Just as an F.Y.I. I plan on just writing it as a short story that is tame, but if I ever get the desire to continue the story beyond the short story stage, or enough pressure from people to continue it (probably not likely), I am kind of making the character a love interest that might bloom later on if I'm so inclined so it could possibly get Yiffy at some point.

EDIT: Now that I think about it, almost any cat type person would work, although I would like to try to keep it exotic like a lion, tiger, or panther. Sorry for singling out one type at first, but it was the only thing that made sense in the mind of a very tired 20 year old at that time.

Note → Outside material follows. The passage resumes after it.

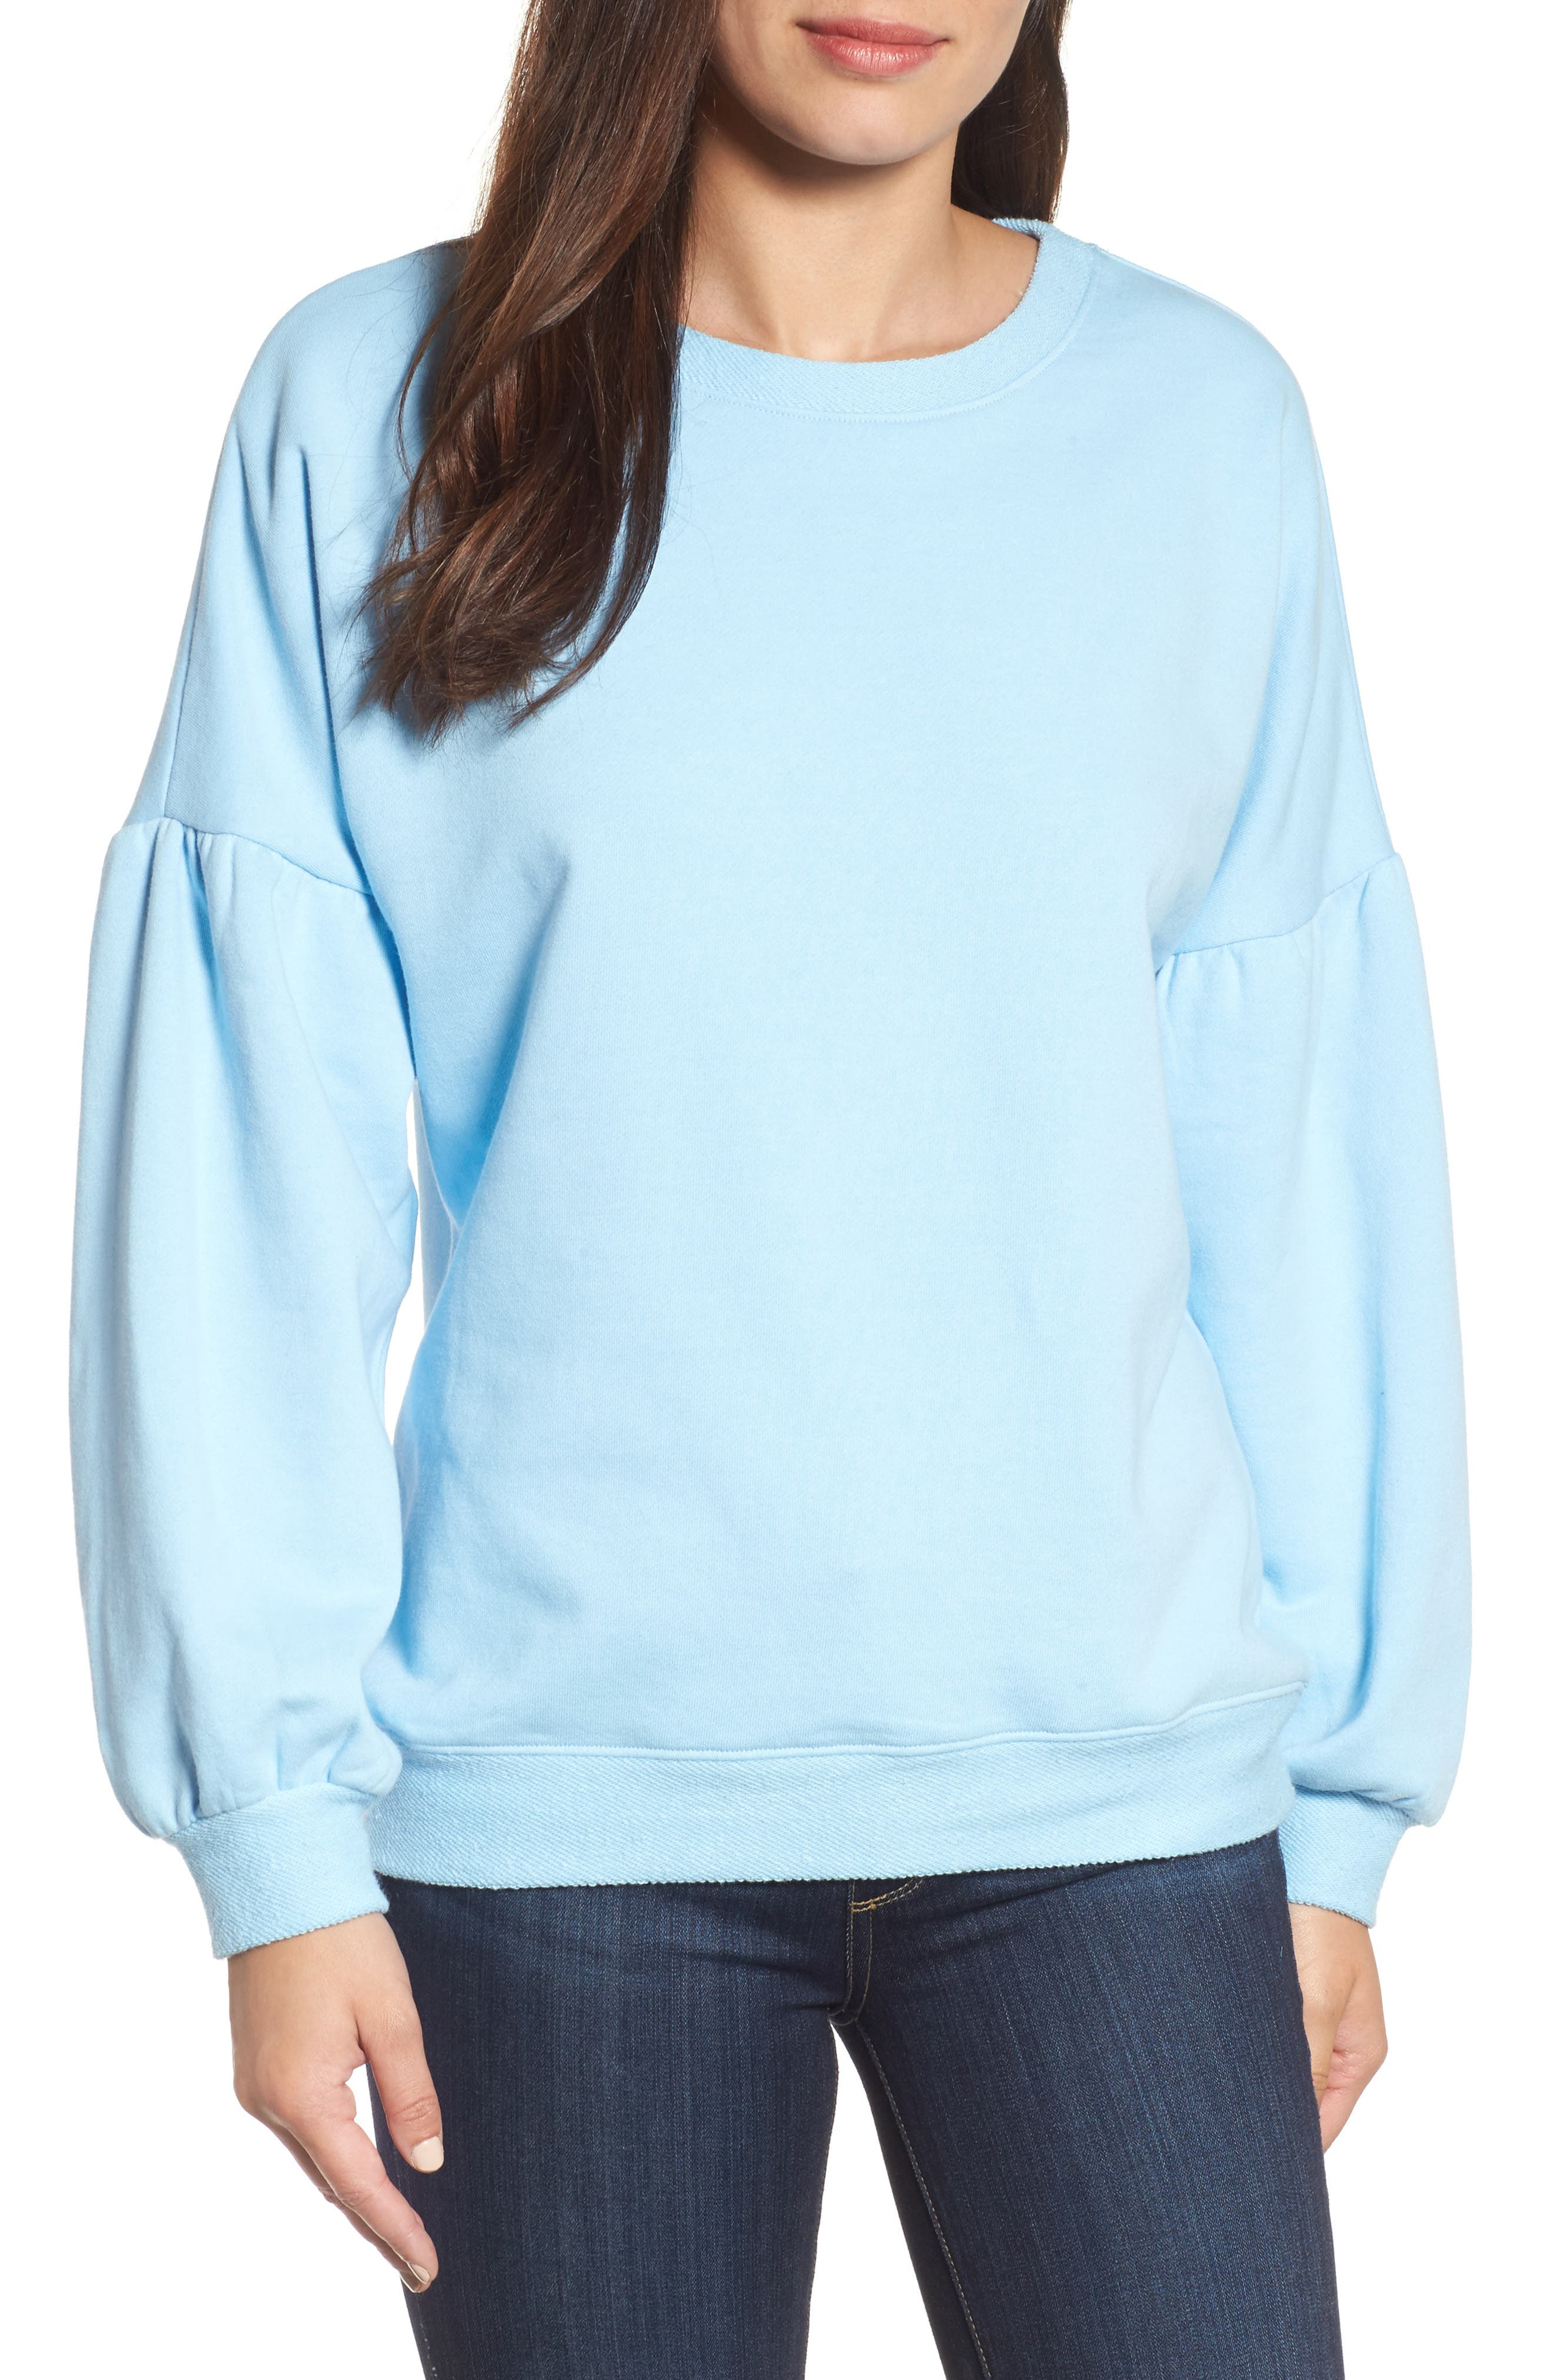 Allesia Sweatshirt,                             Main thumbnail 1, color,                             425

EDIT of EDIT: As atrakaj pointed out: lionesses, tigresses, panthresses and the like are what I meant...ok and now for bed XD


----------



## Atrak (Nov 29, 2009)

I see...personally, I'd go for a cheetah  . Lions and tigers are technically male, but you're tired, and I understand you mean lionesses and tigresses ^^ . Sorry, not female, and my fav are wild canines  .


----------



## Shumanki (Nov 29, 2009)

lol thanks! god i jsut realized that i've jsut worked on the story for almost 2 hours...wow...i don't think i've worked that solidly on a story since i had the murder mystery story bounding in my head...i just hope it bodes well this time XD


----------



## AshleyAshes (Nov 29, 2009)

I'm sorry, but all this just to name a primary character?  I don't understand why you can't name the character yourself.


----------



## Shumanki (Nov 29, 2009)

honestly? im horrible with names...that is the one thing i can never do...i want them to be alot cooler than the stuff that i normally would think of...like annie or sarah or something like that...and the only other names that i can really think of that wouldn't be something mainstream are from video games or books, and those feel like major cop outs...im just weird like that...every one has quarks and thats mine :/


----------



## Duality Jack (Nov 29, 2009)

Ravanna Kavoich (A Russian tigress.)
Kiva Duframe (Lioness obviously American in culture)
Tia Vandia (cheetah woman) 


If you want names and concepts I can help you brainstorm those came from the top of my head.


----------



## Atrak (Nov 29, 2009)

Heh heh. Just don't ask him for titles ^^ .


----------



## M. LeRenard (Nov 29, 2009)

> every one has quarks and thats mine


Is it a charm quark or a strange quark?


...Sorry.  I couldn't resist.

Anyway, you ought to browse this forum a little more, because there have been a number of threads about names or asking for names in which people give advice about names.  That might help.  Otherwise, honestly, if you're just looking for a name to use, you'd probably get a more voluminous response outside of the Writer's Bloc (I say voluminous because I don't want to say positive or negative).
If you decide that's the route to go, just ask one of the other moderators to move this thread (I can't do it myself) to the right subsection.


----------



## GraemeLion (Nov 29, 2009)

I agree with Mr. Renard. 

And to add to it.. creating characters is one of the most basic skills required of a fiction writer.  You do yourself a disservice by off-shoring it.  Eventually, you'll have to learn how to do this.  It might be a good idea to learn it now.


----------



## Shumanki (Nov 29, 2009)

wow, i fail at typing when i've been up for 17ish hours o.0 maybe i should go back through and check my story to make sure it makes sense, and i was using the right words XD i meant quirk instead of quark lol

and i guess i should have explored a bit more on here. i looked around and found many more ideas for names...a few i liked a crap ton better than the first one or two that I thought of.

GraemeLion, i jsut have problems creating characters names that go well with the character...i can usually come up with good backgrounds, traits, and the like, but i always get hung up on getting a name...thats the main reason why i started this thread...but i guess i've found a few now and thank everyone who helped lol


----------